Completely Arbitrary Protocol To Cause Horrific Aggravation
One of the things I'd most like to see banished from the internet is the CAPTCHA, a chirpy acronym that stands for Completely Arbitrary Protocol To Cause Horrific Aggravation. I'm pretty sure it's that, anyway.
I know for a fact that this is not the best way to secure information on the internet. How do I know this? Common sense. No bank website I've ever used uses CAPTCHA for security. Nor do big businesses like Amazon, PayPal or Ebay. These are the websites that deal with the information that it is most vitally important that hackers don't get at; your bank account details. They don't use CAPTCHA, and they seem pretty secure to me.
What does use CAPTCHA? Hotmail. Hotmail uses it. And this has got to be the only piece of evidence required to demonstrate that CAPTCHA is an utterly useless method of security. Hotmail has got to be the most hacked site in existance, effectively demonstrated by the time some internet badman managed to spoof my account information and enlist me as a proxy viagra salesman.
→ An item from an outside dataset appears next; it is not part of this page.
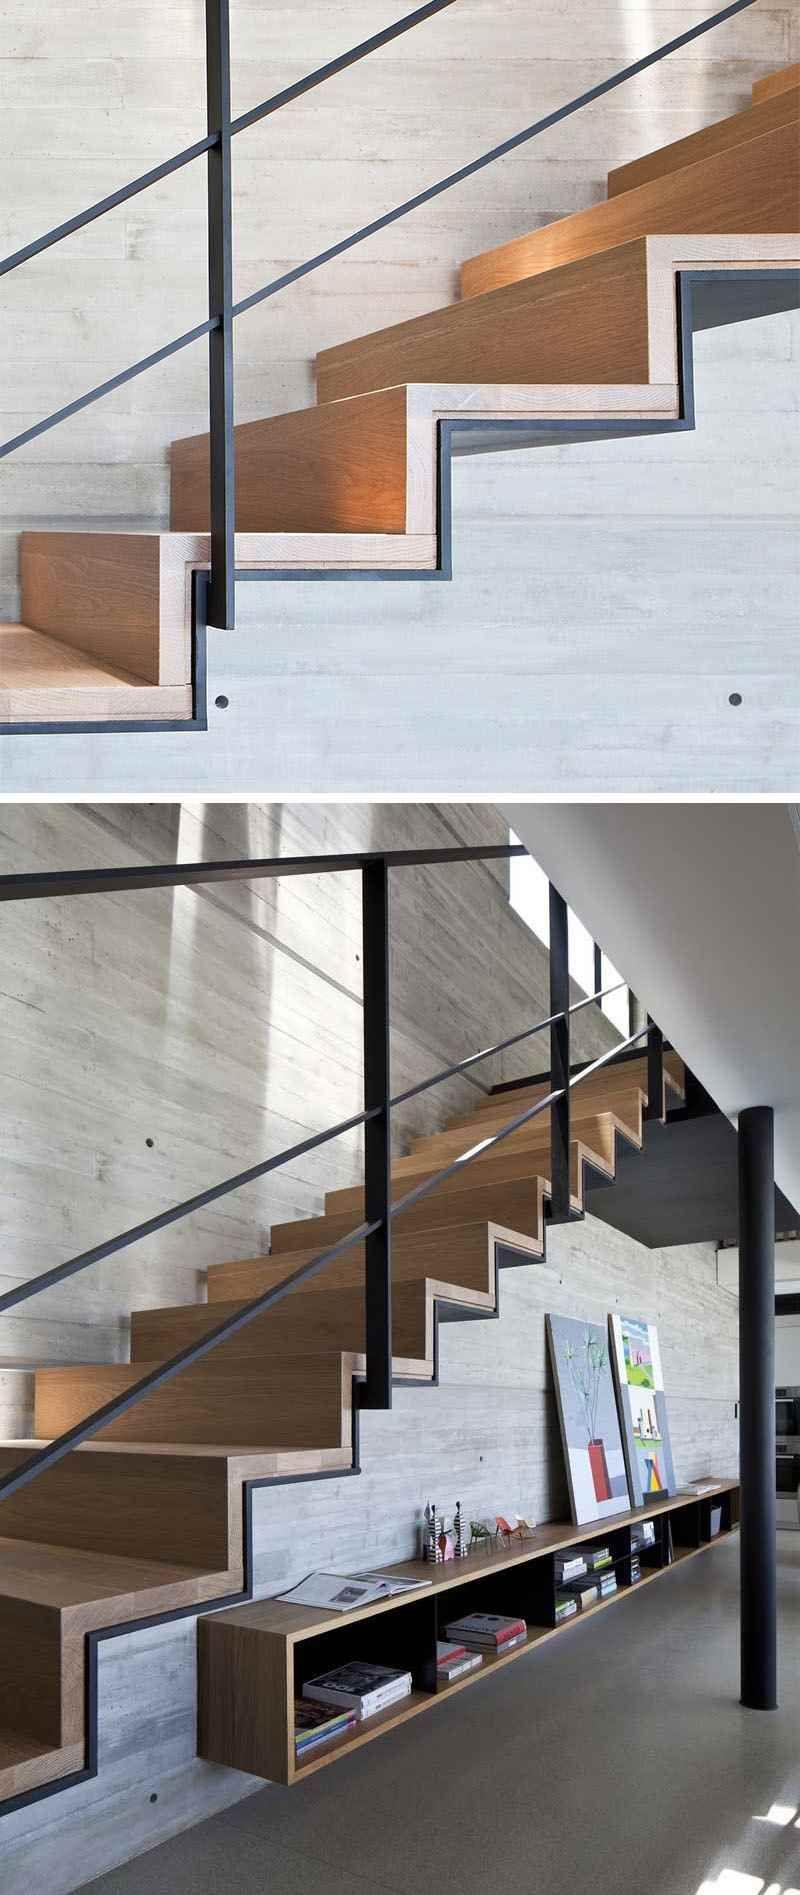 Escalier Interieur Beton Design escalier intérieur design- la beauté est dans les détails
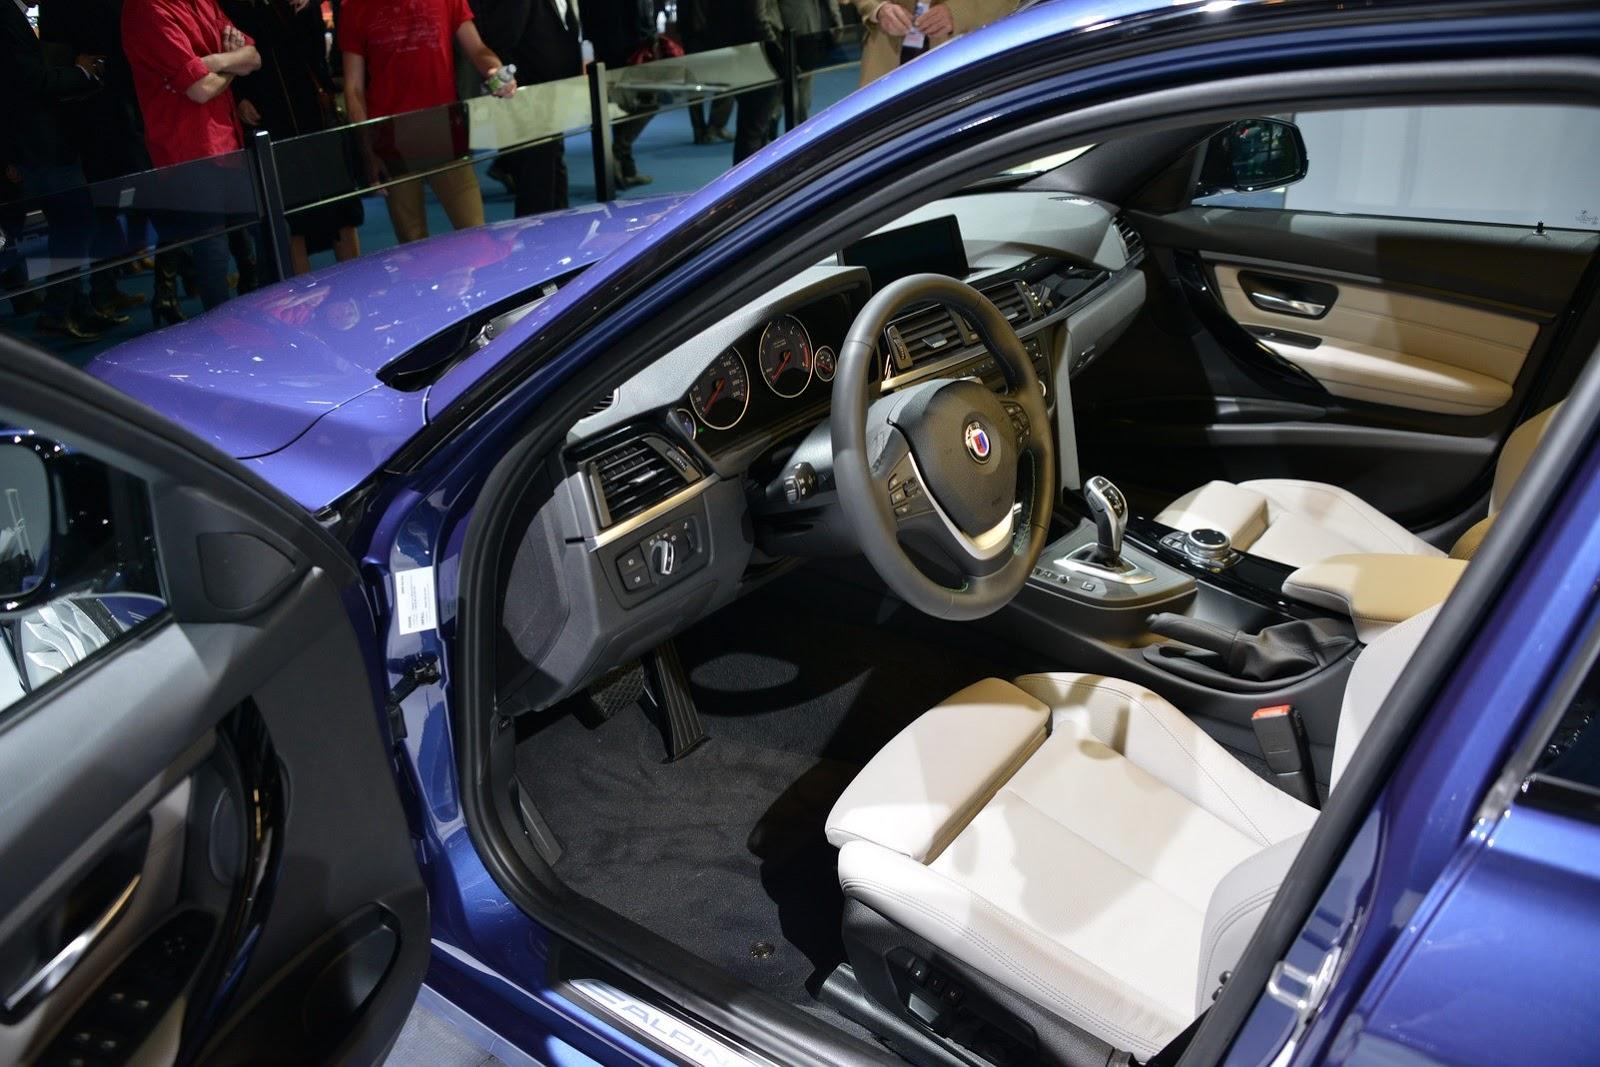 http://lh4.ggpht.com/-oOTCftNPKRs/Ui9uY8MRYPI/AAAAAAAOEGk/jCSM0VLYM48/s1600/BMW-Alpina-D3-2%25255B2%25255D.jpg

What was Hotmail's solution to this horrific web-crime? Make me enter a CAPTCHA. And guess what? My account continued to be spoofed on a daily basis. Well done Hotmail, well done CAPTCHA.
Know how I stopped my account getting spoofed? I changed my password. Hey, The Internet, remember passwords? Those little memorable combinations of letters and numbers that people use to stop everyone on Earth being able to get into their information?
Those are perfectly good for securing my damn bank details, so why don't we all use those, and quit making me copy out a list of goddamn squiggly-ass letters I can't bloody read? Thank you.